The Contrarian Angle: Crowd Wisdom Is a Myth
The narrative around prediction markets often celebrates the wisdom of the crowd—the idea that aggregating many independent bets produces accurate probabilities. The attention gap challenges this. The crowd is not contributing equally; a small subset of participants is doing the heavy lifting. The rest are noise. This is not a problem for accuracy—the market still converges to the right price. But it is a problem for fairness. The average participant is not participating in price discovery; they are reacting to it. The market is not a democracy of truth; it is an aristocracy of speed.

This has regulatory implications. If prediction markets are used for policy decisions, electoral outcomes, or financial reference rates, the concentration of attention power raises concerns about manipulation. A few bad actors with fast data could skew probabilities for their own benefit. The current regulatory framework—focused on KYC and market abuse—is ill-equipped to address attention speed as a form of insider advantage. The SEC and CFTC have not yet considered whether a 10-second head start on information constitutes a material advantage. It does.

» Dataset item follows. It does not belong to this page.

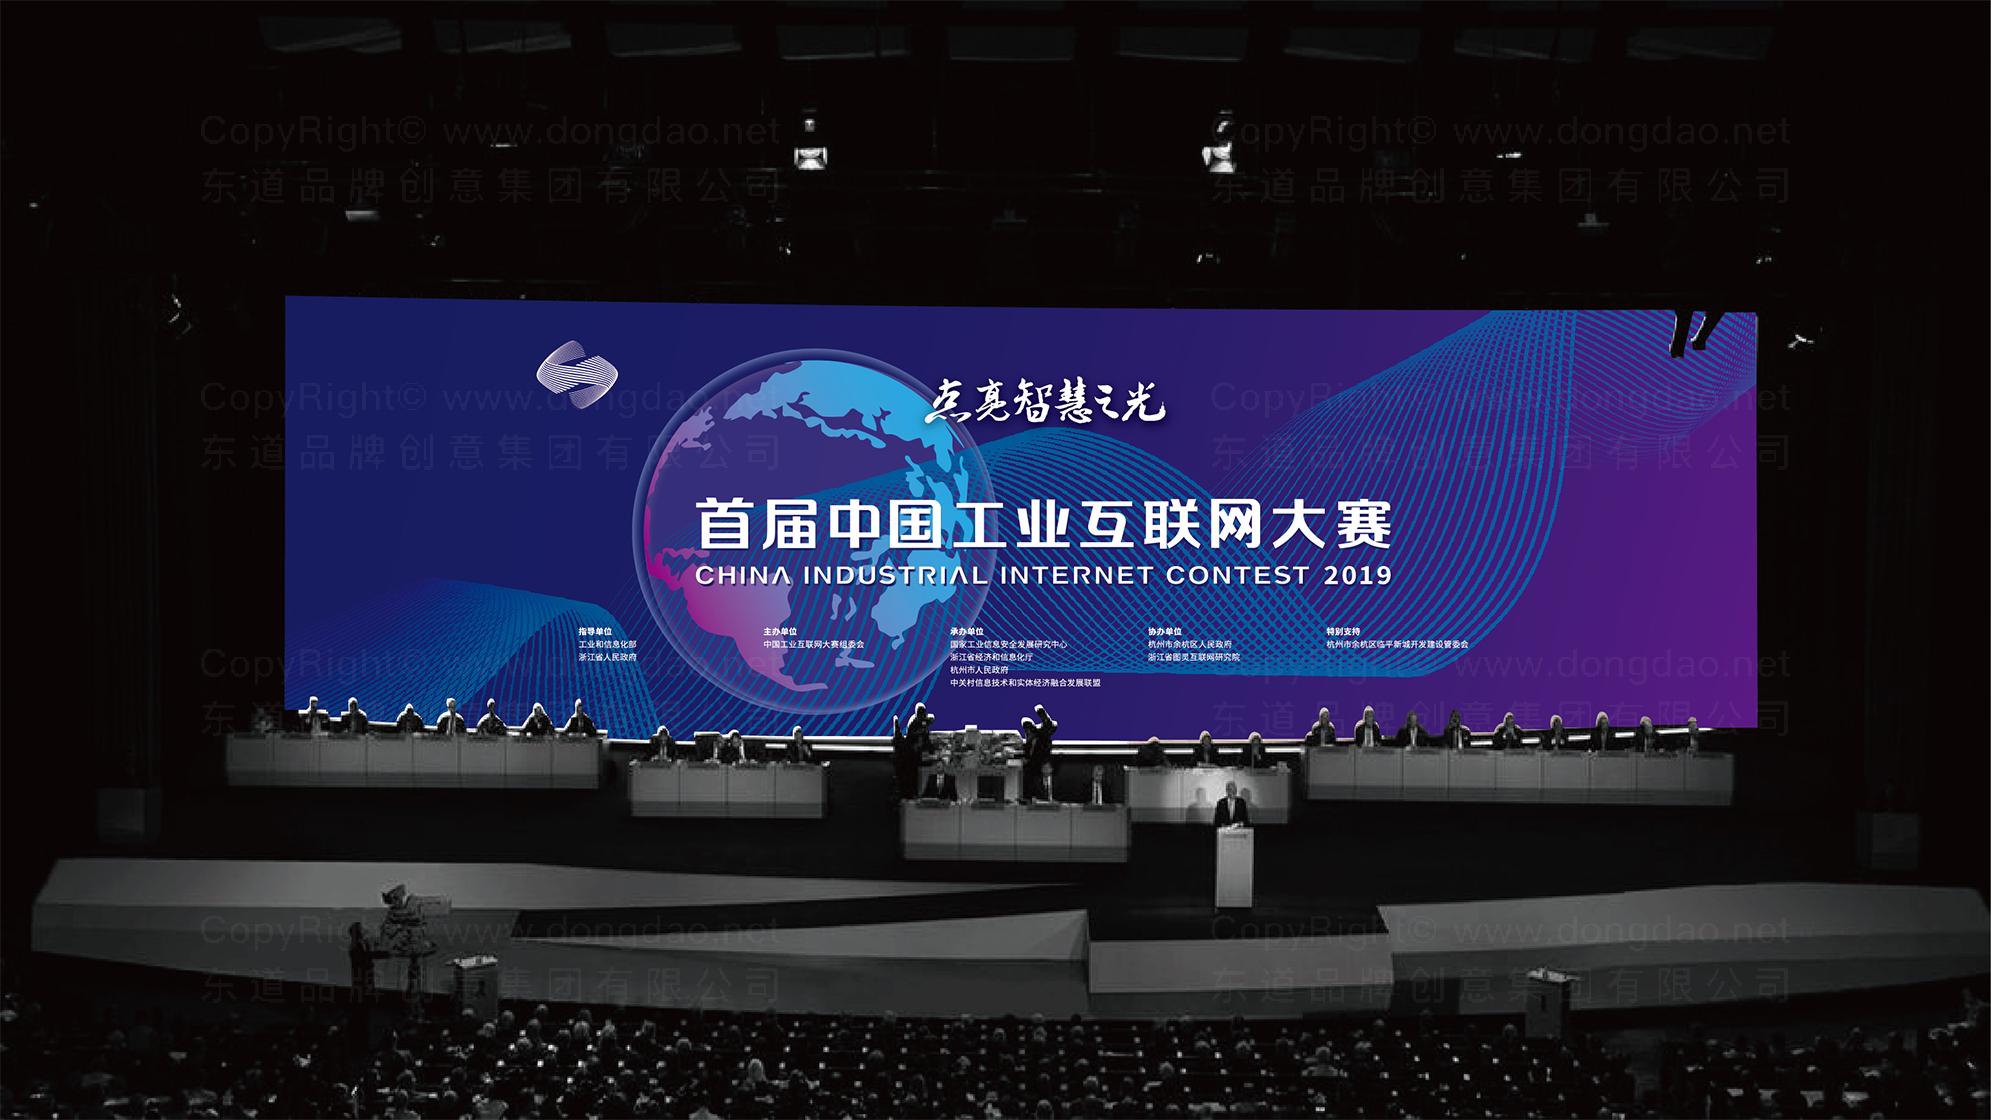 品牌设计中国工业互联网大赛LOGO&VI设计应用场景_4

The Takeaway: Watch the Attention, Not the News
The attention gap is not a temporary phenomenon. It will widen as more participants enter prediction markets and as data generation accelerates. The next cycle of market infrastructure will be defined by who can monitor attention, not who can predict events. Tools for tracking order flow, detecting early moves, and analyzing social signal latency will become essential. The retail trader who relies on push notifications from news apps will be permanently behind. The professional who monitors raw data streams will capture the alpha.
The question is not whether prediction markets are accurate; it is whether they are accessible. The attention gap suggests they are not, unless we build infrastructure to level the playing field. Gravity always collects—in markets, attention is the gravity. The faster you can process it, the less you fall behind.